Plusieurs études ont été réalisées sur les éléments techniques et économiques de production de chou dans la sous-région. « Une production moyenne de 2500 m2 permet de générer des revenus de 275.000 F.CFA pour 77.000 Fcfa de charges opérationnelles et donc une marge brute de 198.000 Fcfa et un ratio (produits/charges opérationnelles) supérieur à 2 », dévoile une fiche produite par la Chambre régionale d’Agriculture de Dosso au Niger en 2017.

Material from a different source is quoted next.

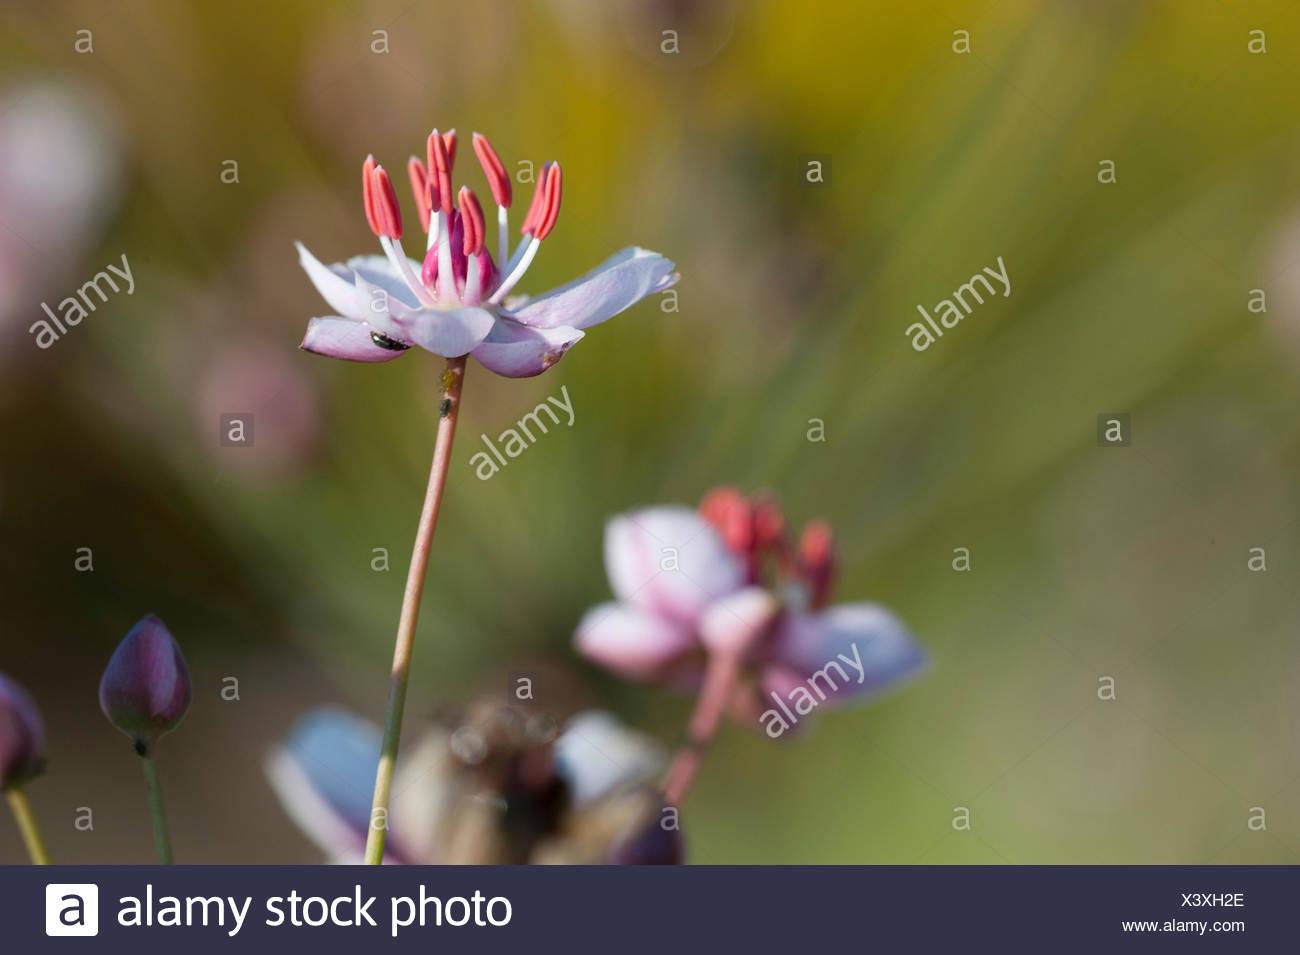 Schwanenblume, Schwanen-Blume, Wasserliesch, Blumenbinse, Doldige Schwanenblume, Wasserviole (Butomus umbellatus), Bluete, Deuts - Stock Image

Une étude conduite en 2018 par Justin Houeto et Simplice Vodouhè a permis d’analyser la performance économique de production de Chou (Brassica oleracea) biologique à Cotonou et de Sèmè Kpodji au Sud-Bénin. Selon les résultats, la valeur ajoutée ou marge brute créée par hectare était de 9 269 792 Fcfa chez les producteurs de chou biologique et de 6 910 222 Fcfa chez les producteurs de chou conventionnel. Après le paiement des frais de personnel ou de la main d’œuvre salariée, l’excédent brut d’exploitation obtenu par unité de surface cultivée était de 9 195 417 Fcfa dans la production de chou biologique contre 6 819 597 Fcfa dans la production de chou conventionnel.
Après la déduction des charges fixes constituées exclusivement des frais d’amortissement d’outillage utilisé par les producteurs enquêtés un résultat net ou revenu net par hectare a été obtenu et de l’ordre de 8 589 046 FCFA chez les producteurs de chou biologique et de 6 349 009 F CFA chez les producteurs de chou conventionnel.
Verdict
La publication est assez illusoire. Elle ne prend pas en compte les charges de production, et les contraintes qui entrent en ligne de compte. Le calcul de la densité est aussi faux.